NYC breakfasts made with surplus Spanish midday solar!
NYC breakfasts made with surplus Spanish midday solar!
😍😍😍
While this is good news it’s also not really the priority. Finland and Spain and Greece and Scotland aren’t even properly connected to each other yet. Grid connections *within* continents need to first be upgraded properly And then Morocco and Spain connections. And only *then* this. Still good
Once I was asked about viability of such a cable. Take Viking Link, 765 km of 1,400 MW capacity from Britain to Denmark, cost = £2.22B. To reach Nova Scotia, scaling up gives = £9.2B. And that’s before factoring in added complexity. I am betting on a more decentralized grid.
Pretty tough to build 1400mw of 100% renewable capacity for 9.2B especially at full CF
Even worse. Adding complexity, we came up with a multiple of 1.5 to 2 while excluding risk of potential Russian warfare against subsea cables. For that price tag, better to simply add batteries at scale.
Batteries require gen. Batteries are just temporal transmission. So if you have an energy issue batteries don't help much. I'm not saying it's a slam dunk, but I bet you the economics could be close
Last thought, we will need to treat the full loss of the HVDC link as a P1 and include it in all steady-state and dynamic contingency cases. Costly.
if you have a large nuke, that HVDC link might not be your biggest contingency.
It's all about where it lends. But for an operator in the Northeast, when that 4,200 km link trips at 2 a.m. in January, who’s taking the phone call and how is he/she redispatching in 30 seconds? To be frank, no system operators is betting on such cables... pipe dream.
i would argue whats the difference there vs Manitoba? we are entirely reliant on HVDC to transmit virtually all of our energy to our load. that overseas cable would be significantly lower as a total percentage of supply. again, if a 1.5GW nuke trips at 2 am. whos taking the phonecall to re-dispatch?
Only taking about inter-continental connection. If failures occur, the re-dispacthing is assumed by the receiver. So, we will need an equivalent reserve. + Repair time following a failure >weeks, so outages will be long and expensive; making sure contracts allocate real cost and schedule risk.
see my above. explain to me how 1.5GW of HVDC drop is any different then 1.5GW of nuke drop.
Agreed. But with an energy deficit in the Northeast, all attention is given on adding gen with limited or no emphasis or ability to add cross borders transmission capacity. As for this long HVDC cable from UK to Nova Scotia, lost will be on the order of 14–24% of the energy sent.
im just thinking that China is doing similar distances overland with its UHV system. also consider people are talking about trying space based solar with wireless transmission. so i mean, is that any less complicated or potentially costly?
Agreed. China has its State Grid Corporation with a LTP on building a national in UHV transmission + renewable energy. Us, we quarrel about any addition of transmission. We lack a vision + direction + financing.
@laurentsegalen.bsky.social is a moving force in this project, and he seems convinced of the economics.

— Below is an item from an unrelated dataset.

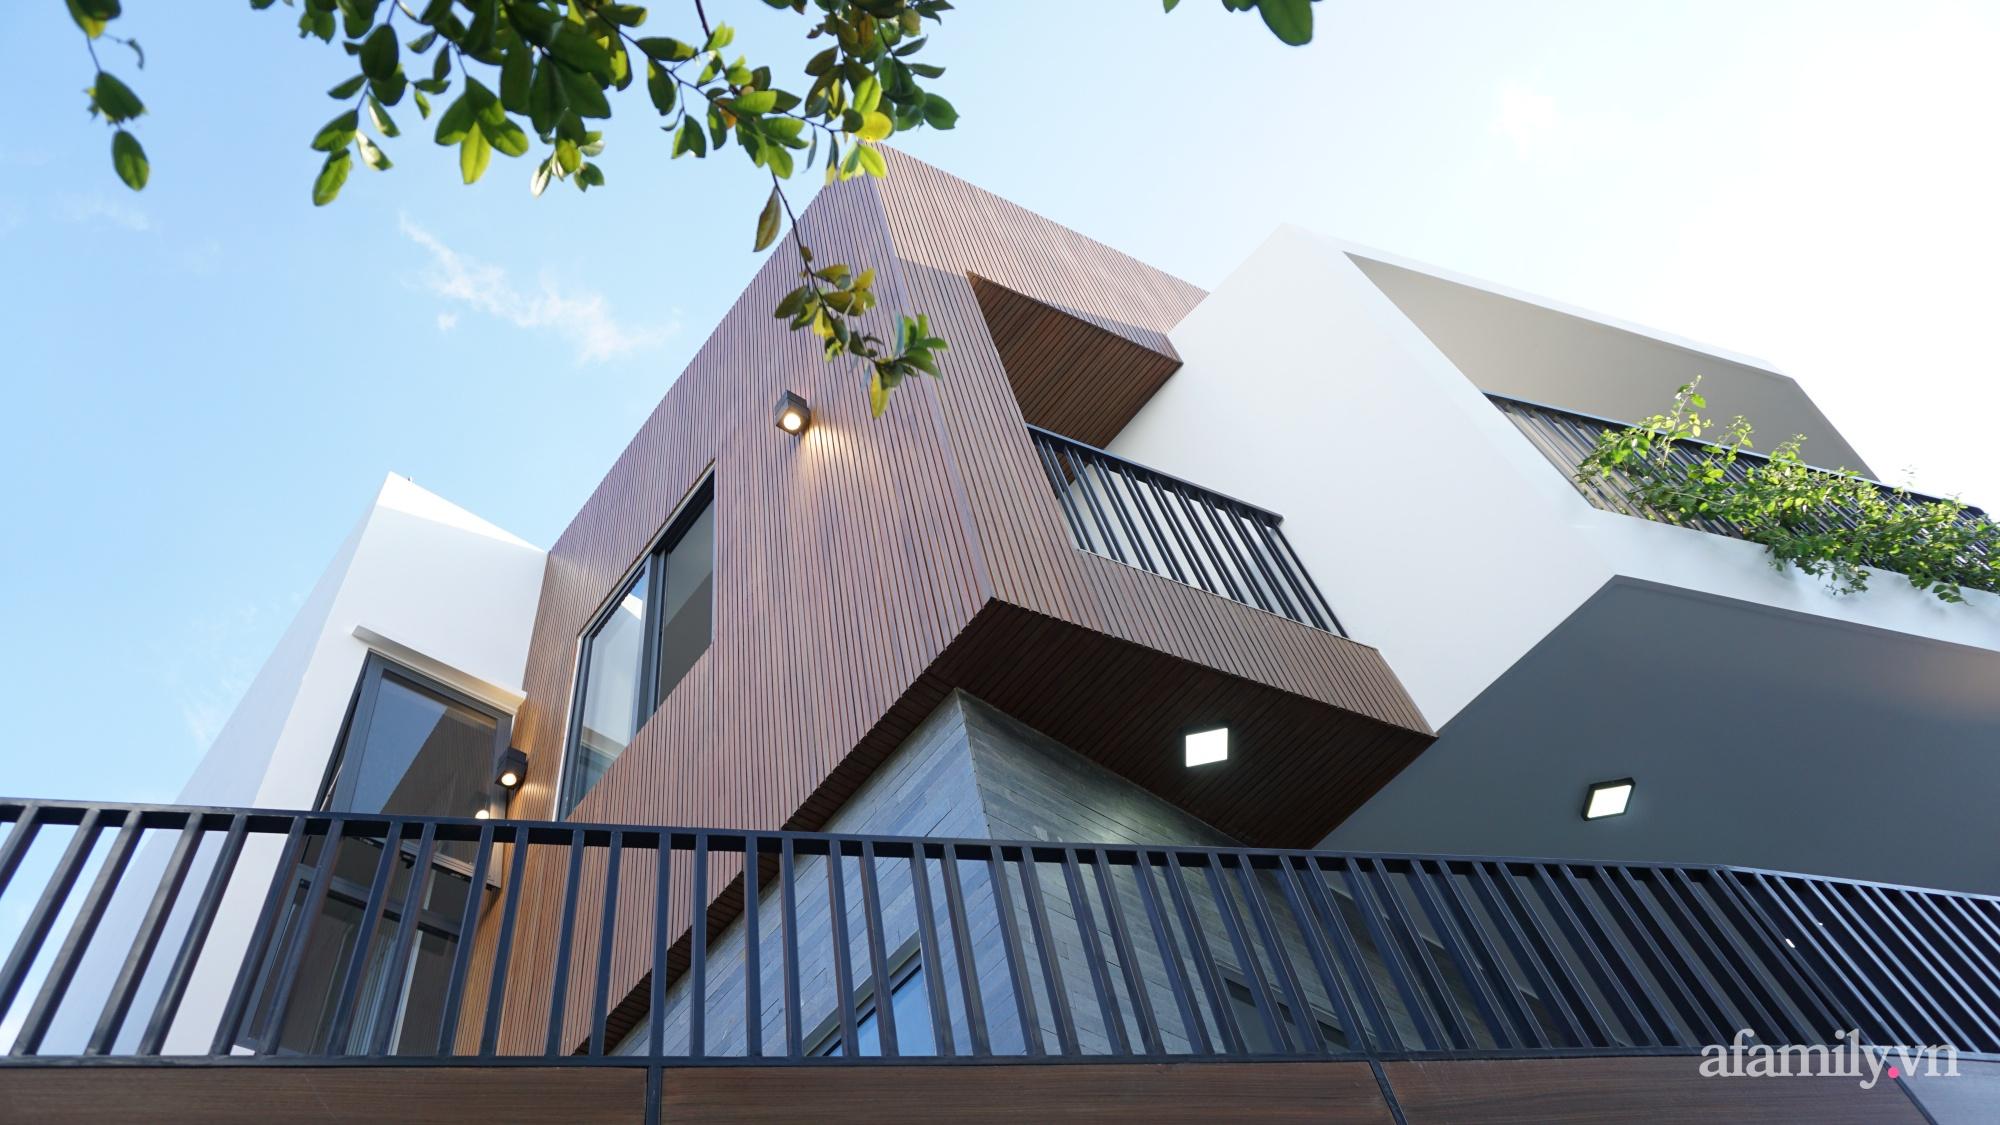 Nhà trong hẻm nhỏ vẫn ngập tràn ánh sáng, duyên dáng với nội thất tối giản ở Đà Nẵng - Ảnh 3.

Factors I recall off the top of my head are the different timezones creating constant shifting demand and the seasonal and weather intermittencies being asynchronous across such a distance.
oh that part is easy, its the "does the complexity and cost outweigh the per unit energy cost"
Obviously yes, Laurent has a long history of successfully bankrolling energy projects and that's his calculation - it clearly does. Perhaps initial or subsequent survey work will cause a rethink, but he seems quite certain for now.
VL is mostly in the low 10s of metres and can be buried. We'd be looking at 3-4 thousand in the NA.
Also, a lot of the cost of Viking Link or other cables is in: the two landfalls, two HVDC converter stations, two grid connections and associated permits and consultations. Transatlantic would be much more cable but it still only has two ends, so maybe cost doesn't scale up linear with distance?
Oh sure thats fair its not simply x the distance. And equally to be fair the north sea has complexity on multi nation EEZs, other cables and oh bomb dumps.
Long time ago, I worked on a sub-sea merchant transmission cable in NY. The complexity was oyster farmers.
Now the sun never sets in the US. Unlimited solar. Poor drill drill drill guys.
This is brilliant, it’s always sunny somewhere!
US already exports lots of energy to GB/EU in the form of LNG for power gens and heat and oil for IC vehicles. Would this cable displace some of that shipping, gas power stations move to north America, electrons shipped to Europe to run electric cars and heatpumps?
Spatial arbitrage over long enough distances is pretty much temporal arbitrage. Neat.
The other place is the battery
right!
I was taught active listening
Trying to picture how big that cable is gonna have to be.